Speaking of apples
Apple, little fruit that is popular for its red color. It grows on trees and is one of the favorite meals of Homer Simpson, even though Homer dropped apples on his friend after he got sick of being an actor and decided to walk out of the TV in an episode that has not yet been published. It probably will never be published, however, because a TV people can walk out of is not going to be invented. Microsoft, however, is clearly working on a solution for that problem since that would make their XBox sell more than it already does. That is not that hard, though considering that everybody that owns an XBox easily fits into Chris Farley's refrigerator.

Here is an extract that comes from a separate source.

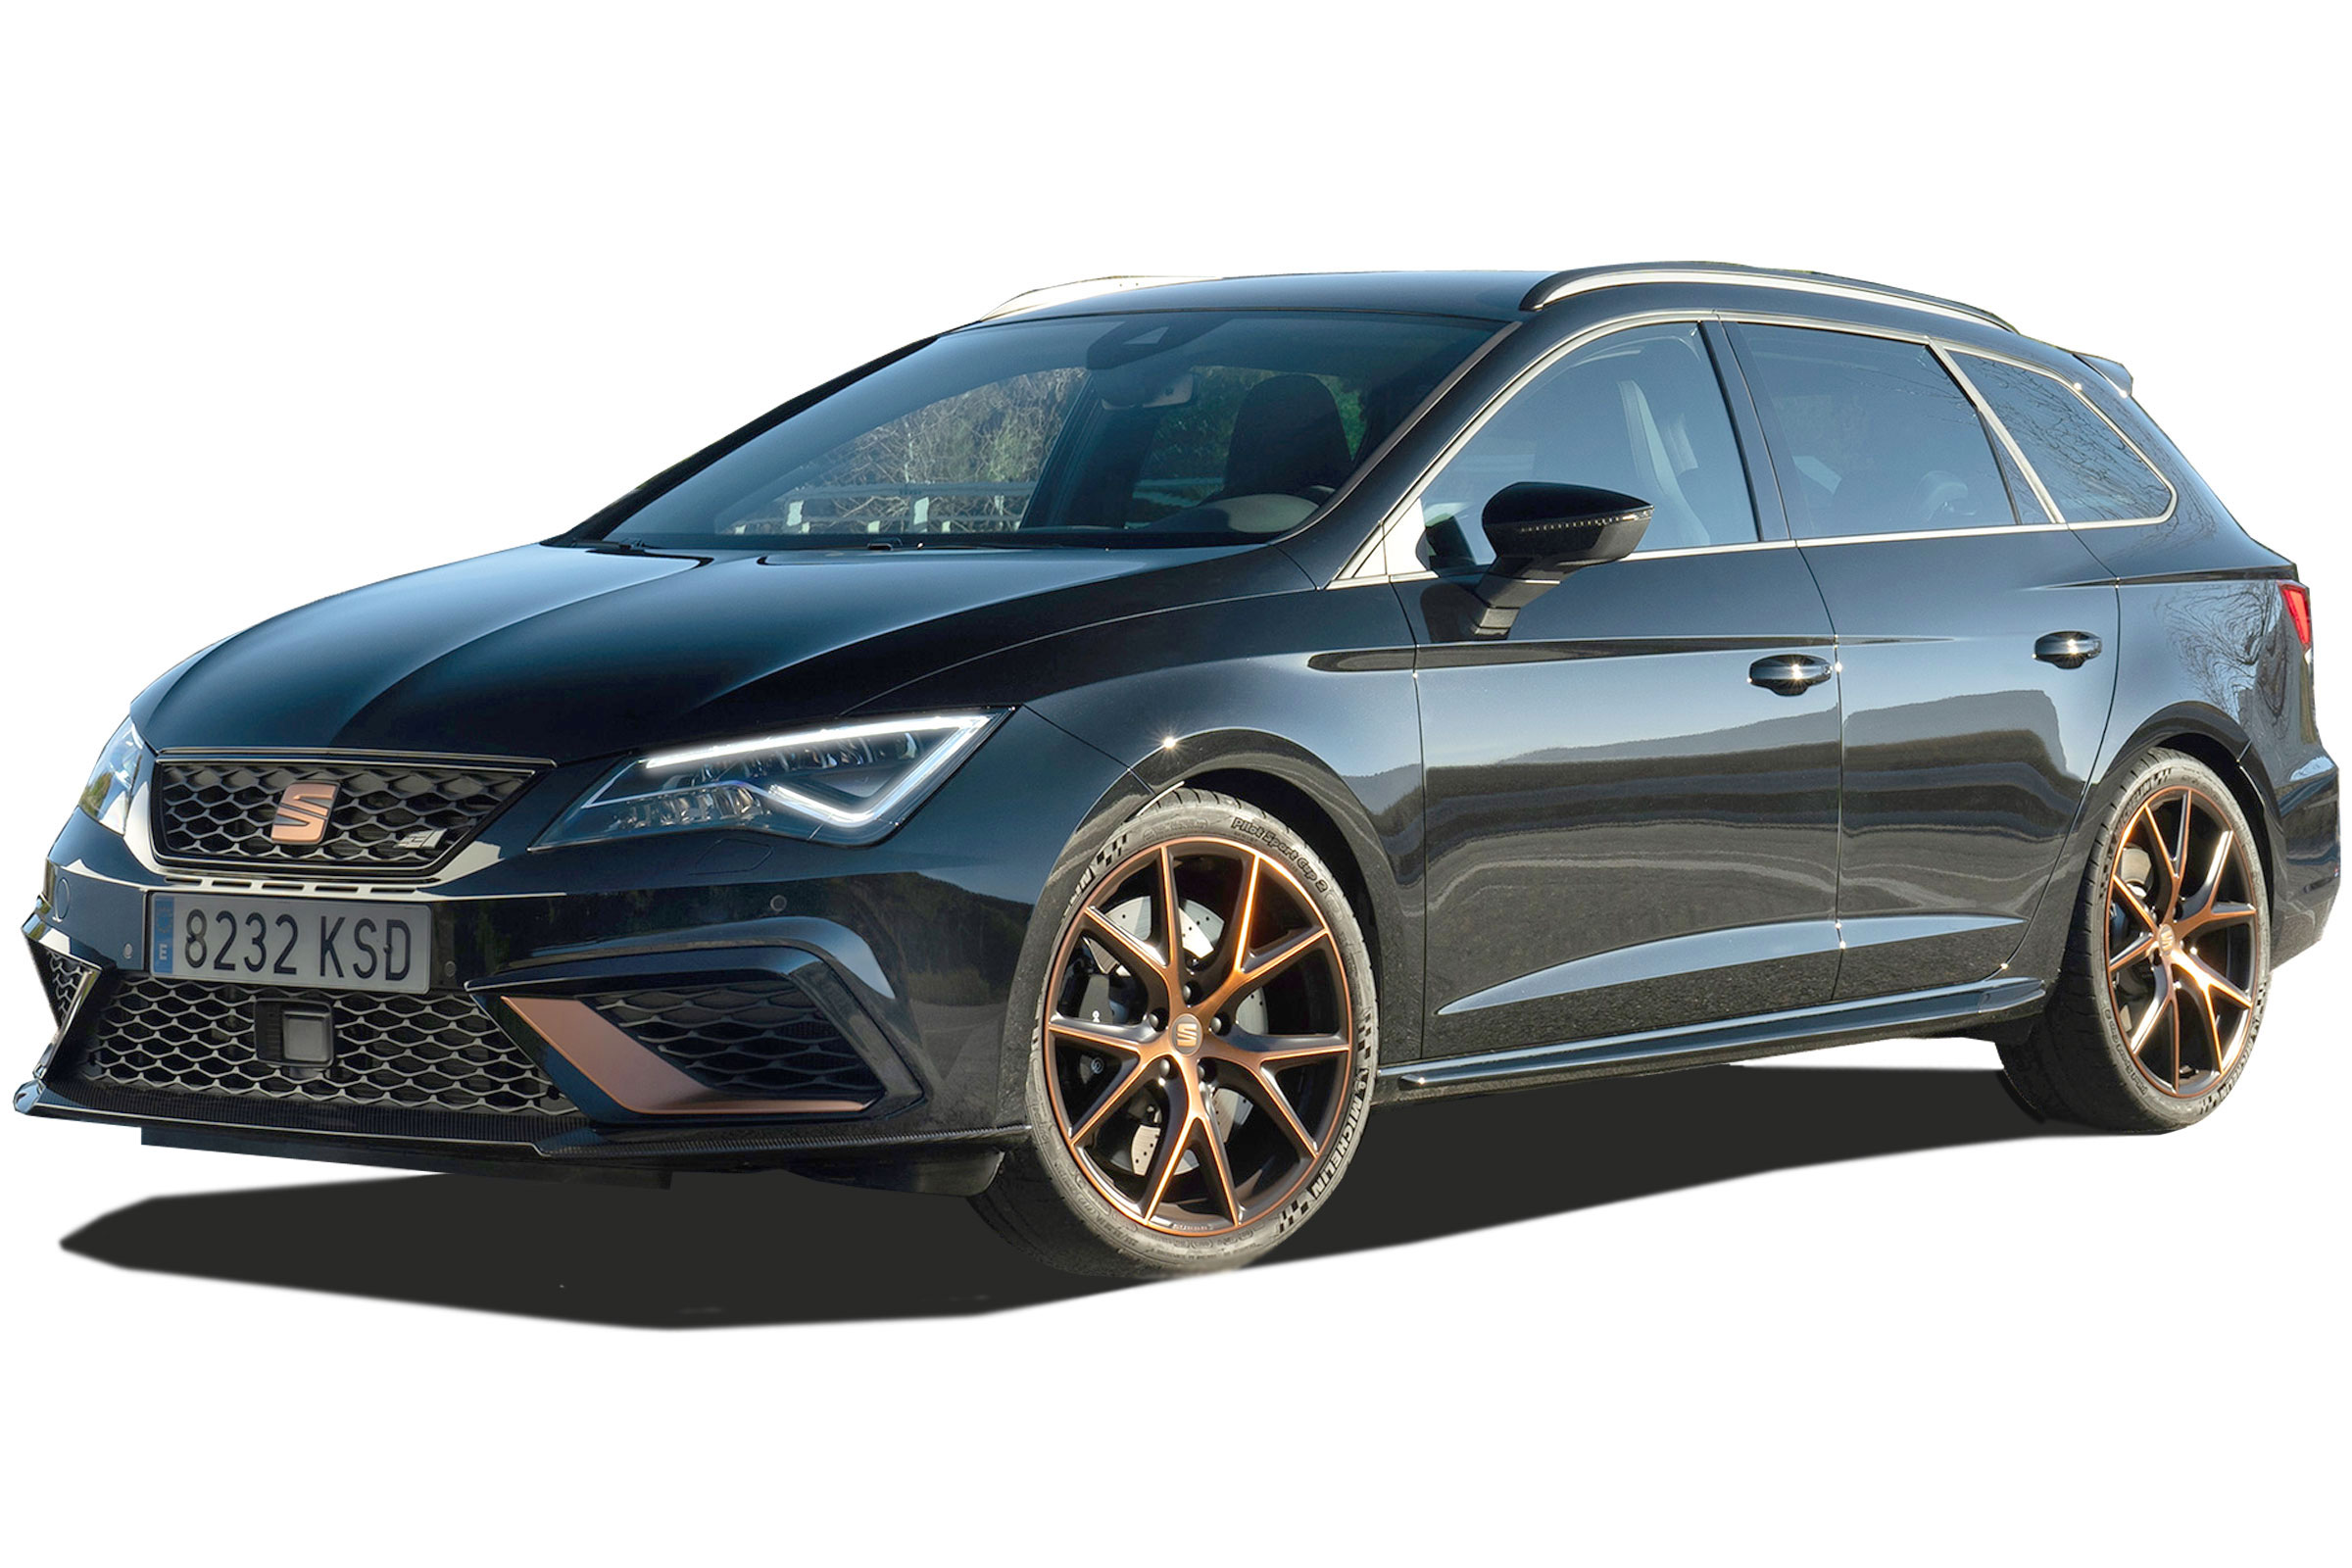 Seat Leon (2013-2020) review - Which?

Apples can make people rich. That has been proven many times in history. Bill Gates, former president of the Microsoft Cooperation, stole most his ideas from an apple and made more than 50 billions dollars out of it. Bill Gate's shoplifting resulted in the mouse ball used by almost every mouse that does not squeak. That is why it is shaped exactly like an apple. A normal mouse even has two buttons. Thus, it is just like the different colors of apples. Even if you squeeze a mouse it does the same thing an apple does: It gets smaller. Some computer mice even have red lights that glow up when you touch them--kind of like apples in power plants.
The taste of apples cannot be described just in simple words. Some apples are really yummy others are just baa. If you ever eat an apple that tastes like a banana however, you should consider not eating at McDonald's. The perfect apple, as described in the part about Moses in the Bible, has four different flavors. One of them is water. Good, healthy water. The other one is air and then there is wood. Finally, the last flavor an apple needs to taste like an apple is apple flavor. God invented that flavor a couple thousand years ago just after he decided to put apple-shaped boobies on Eve's body.

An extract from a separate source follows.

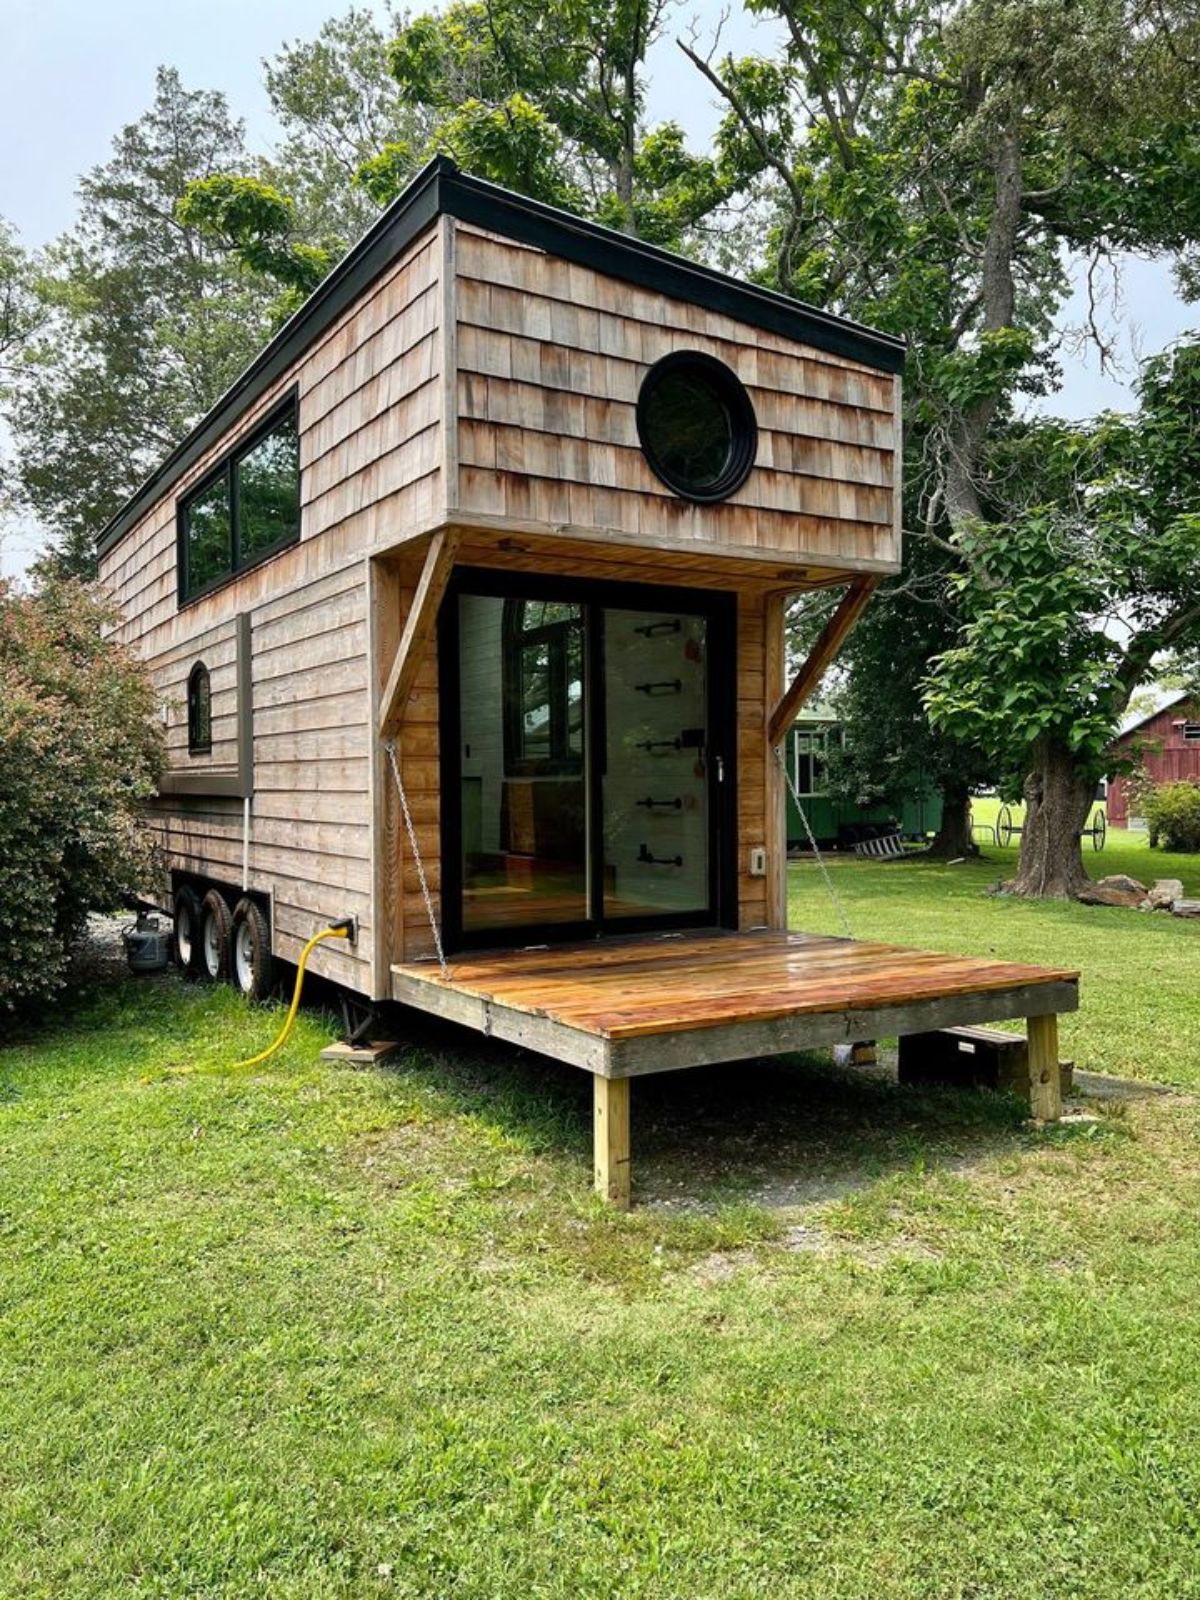 small porch outside the main entrance door of 24' adorable tiny home

The first one to ever eat an apple was Adam. He ate one right after God told him not to. Adam was one of the biggest rebels the world has ever known. He stole the apple from a tree and put it in his mouth. Due to the apple sound his teeth made when he chewed on it, Adam decided to name the apple apple. Therefore, Adam is recognized as the inventor of the apple and he should own one of the biggest computer companies. Unfortunately, his company is not very successful yet. It's just like apple sauce: The fake copied product gets sold more because some people think that it is better without knowing how the original really is.

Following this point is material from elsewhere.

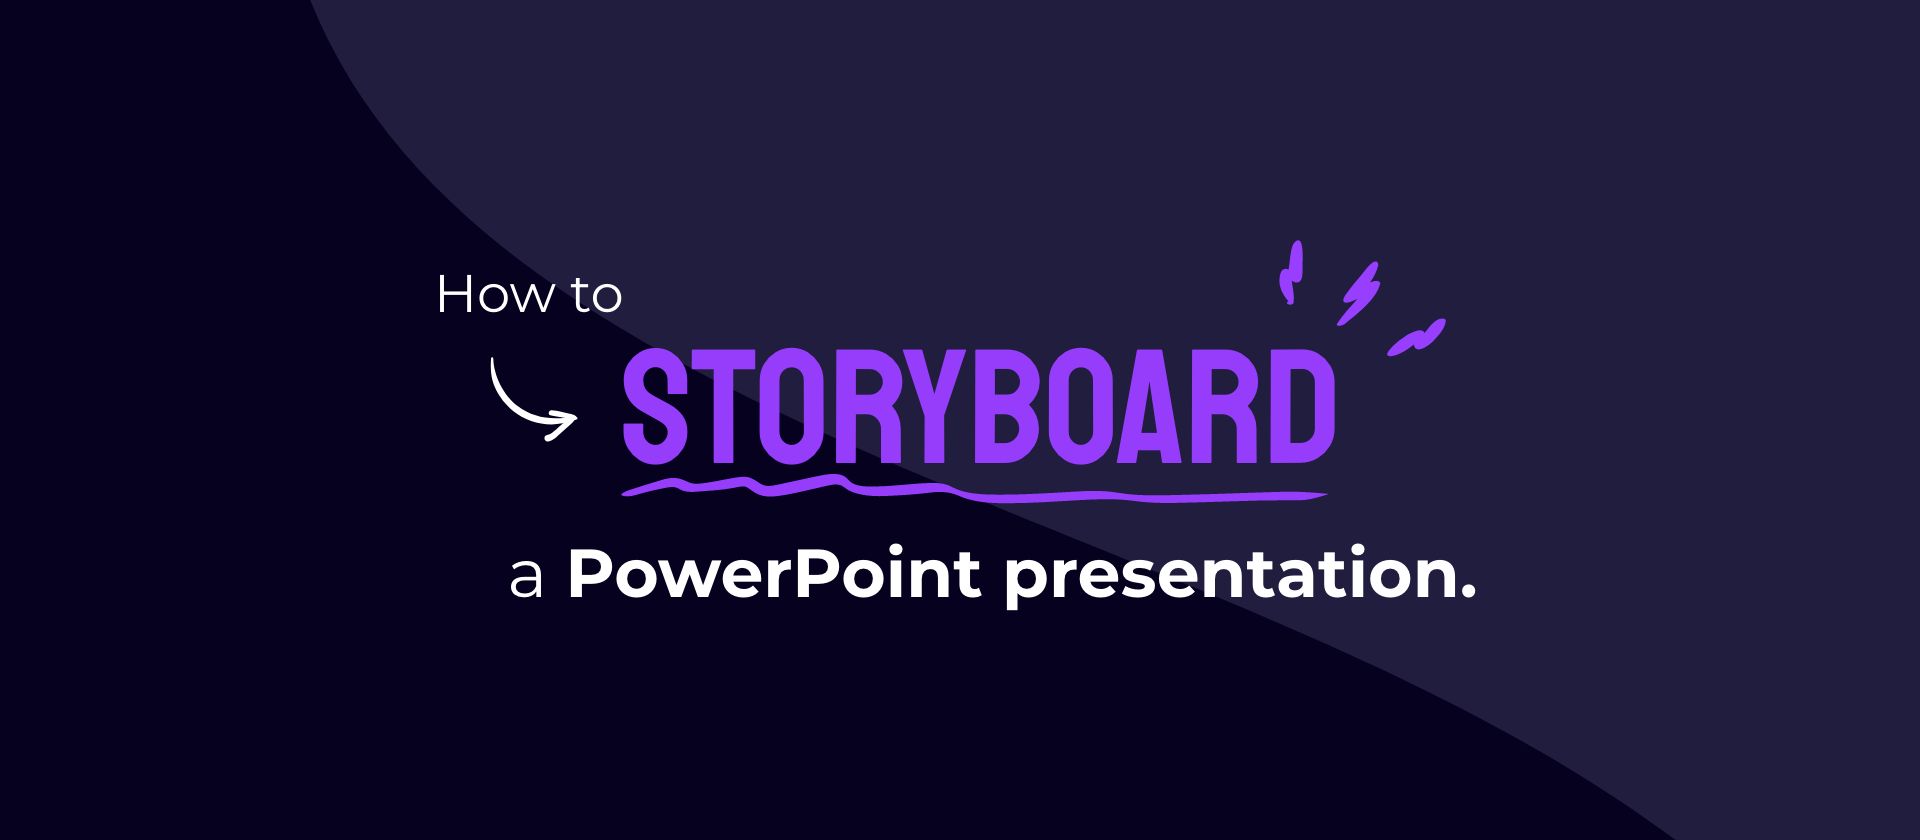 How to storyboard a PowerPoint presentation.

Too bad Adam died very early of the apple he ate right after his first one. God told Adam that he would punish him if he ate that apple so Adam had to hide it until God went to bed that day. Unfortunately, the apple was rotten by the time Adam took his first bite. It was disgusting. The apple was not red anymore; it was brown and all igittigit. Shortly after that, Adam died in front of Eve. Eve was very sad and decided to commit suicide by eating an apple as well. Fortunately, her apple was not rotten so she survived and that is why we have women today. Without them, some important weekly magazines would not be very successful.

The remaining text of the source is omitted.